Me cogió las manos mientras me hablaba.

—Bueno, el alta total no lo tengo, aún he de ir a rehabilitación una vez por semana hasta, por lo menos, el verano, si todo va bien.

Julio me miraba y yo no era capaz de descifrar su expresión. Sentía el calor de sus manos en las mías. Siguió hablando.

—Sara, lo que quería decirte es que las cosas ahora ya son diferentes entre nosotros.

Me asusté al oír eso, me imaginé por un momento que me diría algo así como que ya no quería seguir manteniendo la relación que teníamos.

—Ya no soy tu terapeuta.— Añadió.

—¿Pero podemos ser amigos no?— Le pregunté, muy asustada.

—De eso quería hablarte. 

Ahora sí quería morirme, no quería ser mi amigo, eso significaba que nunca lo había sido en realidad. Era una manera de estimular mi recuperación. Estaba haciendo su trabajo.

—No puedo ser tu amigo, ya no puedo fingir más.

—¿Ha sido todo una farsa?— Le pregunté con los ojos llenos de lágrimas. Retiré mis manos de entre las suyas.

—No, no me entiendes, deja que te explique...

—No hace falta. — Contesté poniéndome en pie  para irme antes de que me viera llorar.

En ese momento se levantó rápido y me abrazó.

—No te vayas, deja que te lo acabe de contar, después, si quieres, puedes irte, pero déjame decirte una cosa.

Con sus brazos rodeándome y las lágrimas rodando por mis mejillas, me detuve y esperé. Estaba preparada para sentir el dolor en el corazón, cuando me dijera que no quería verme más.

—Sara, no puedo seguir siendo tu amigo.
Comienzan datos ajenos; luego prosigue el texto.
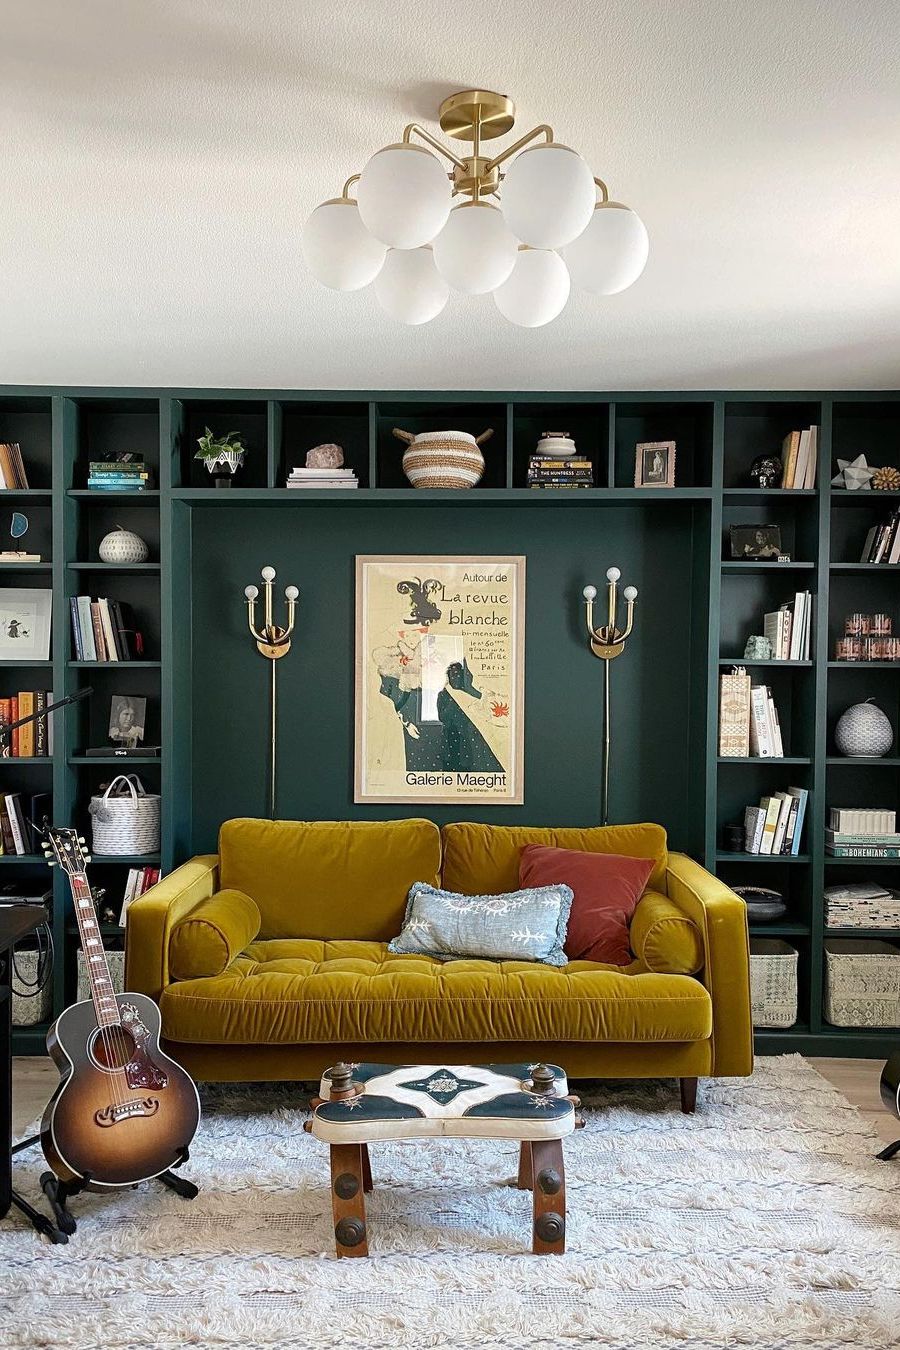 Room with sofa and shelves with books

Mientras éramos terapeuta y paciente, no podía permitirme ser otra cosa, pero cuando mis manos masajeaban tu espalda, debía concentrarme para no dejarme llevar y acariciarte. Cuando estabas a punto de caer y te apoyabas en mí, quería besarte. He luchado mucho, para no expresar este sentimiento, pero ahora puedo decírtelo alto y claro, Estoy enamorado de ti y no puedo ser sólo tu amigo.

Lloré al oírle decir aquello. Me di la vuelta para quedar cara a cara,  toqué suavemente sus mejillas, acerqué mis labios a los suyos y le di un beso, ligero como una mariposa. 

—Yo también me he enamorado de ti, Julio. Desde hace tiempo, he estado ocultando estos sentimientos porque creí que tú no sentías lo mismo que yo.

Una gran sonrisa iluminó sus ojos, me cogió por la cintura y dio vueltas por el comedor conmigo en volandas. Me abrazó muy fuerte y me dio un beso profundo lleno de promesas.